The Pulse Of The Preachers
The Bible Banner is being handled nicely now. You fellows are doing a good job of it. I'm sorry A. C. C. has jumped the track in her effort to raise the endowment but since she has, some of you who are good at writing have to handle the pen. Seeing the trend toward independence being manifested by the colleges, I'm beginning to wonder if an endowment that would make A. C. C. totally self-sufficient would not also put her in position to crystallize certain trends into policies that, being taught year after year to a stream of students, would appreciably change the attitude of the church in general, toward a weaker stand on fundamentals. As it is, if her teachers talk off color, they either must be removed or corrected, or the college stands to lose its support. Though I'd like to see her usefulness expanded, I question the advisability of making her entirely independent of the rank and file of Christians.—Ernest H. Witt, Willis, Texas.
For a long time, I have intended to write you. Other matters have so taxed my time that I just put it off. I just wanted to say that I fully appreciate the fights you have made against "isms" that threaten the church. I don't want you to ever entertain the idea of "letting down" because of hateful things done by brethren who love the wages of unrighteousness. I feared, several years ago, that your heart would be made heavy by some traitors.

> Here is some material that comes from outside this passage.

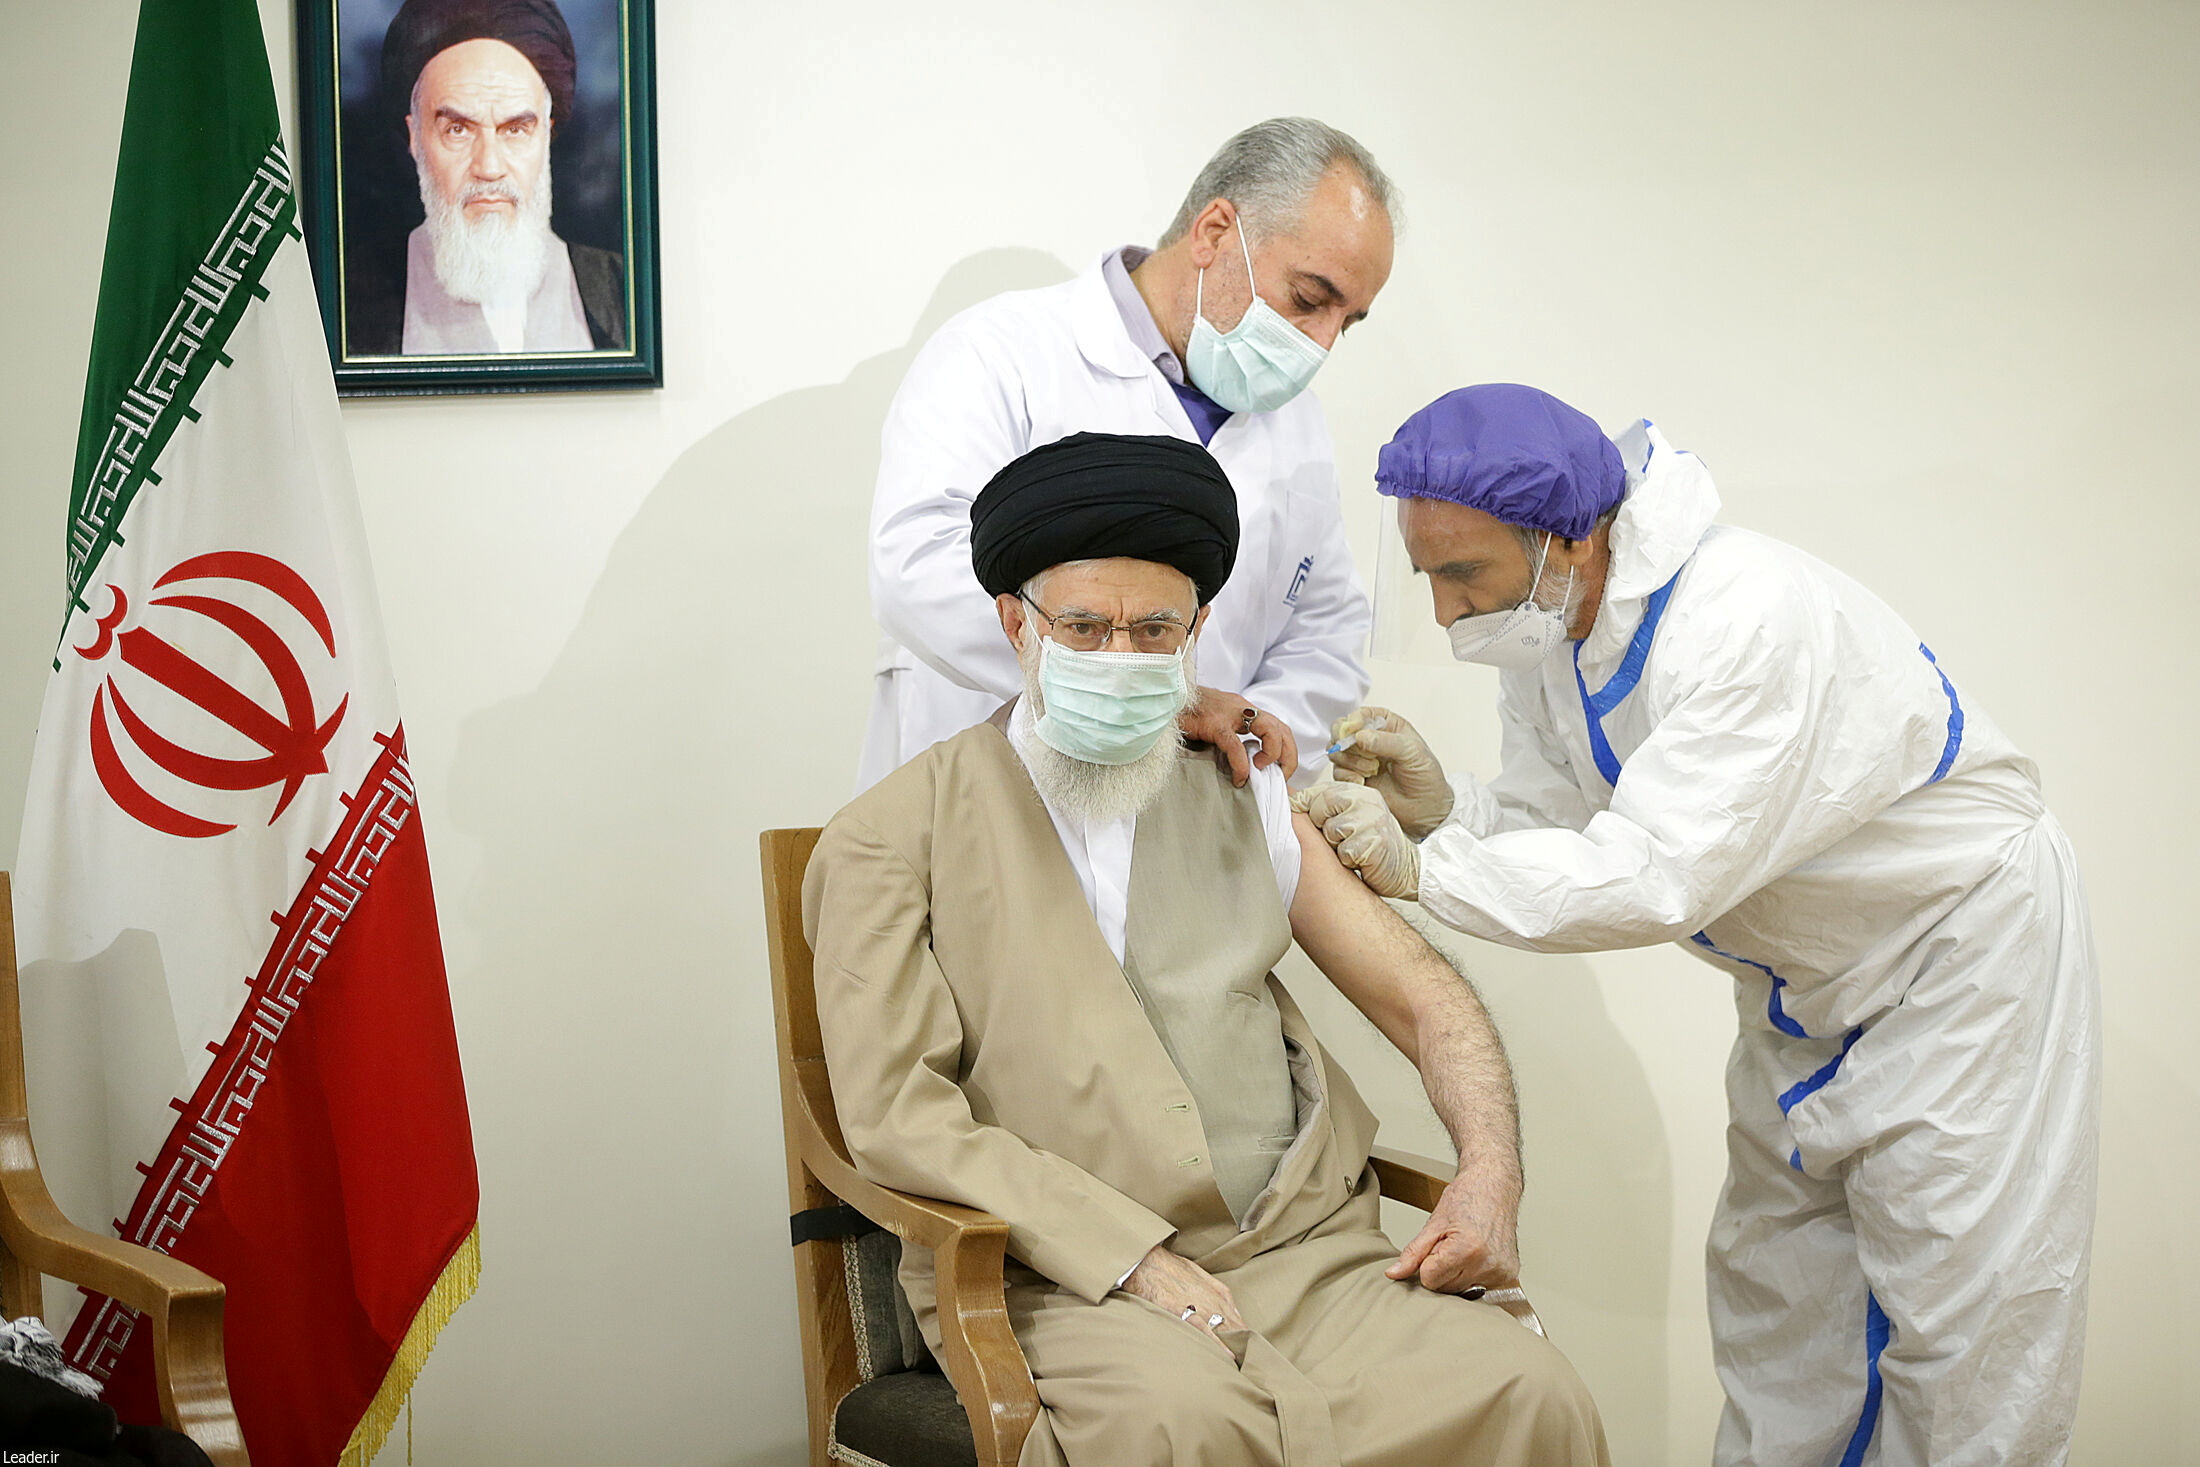 Iran's Supreme Leader Ayatollah Ali Khamenei receives his first dose of the COVIran Barakat vaccine, in Tehran

I hope the colleges never dominate the church, but I do know that a lot of preachers are dominated by them and especially their presidents. I am a friend to Christian education and have defended it in debate with Ketcherside. With the conditions that now exist, I would not undertake it. When I met Ketcherside some years ago, Bro. Hardeman furnished me a letter, over his signature, to the effect that F. H. C. was an adjunct to the home and depended in no sense upon the church as such for its support. That was just after his debate with Bogard, in Little Rock, Arkansas. If the churches all emptied their treasuries into the colleges, a poor boy would still have to manage for money to attend one. I would oppose money being sent from the church treasury to an orphanage, if I knew that some one would have to pay the orphan child's board and room extra. God willing, my children will attend a Christian school, but I expect to have to foot the bill myself.—Sterl A. Watson, Haynesville, La.
It is my conviction that you brethren have hit the nail on the head.—R. A. Hartsell, Guthrie, Oklahoma.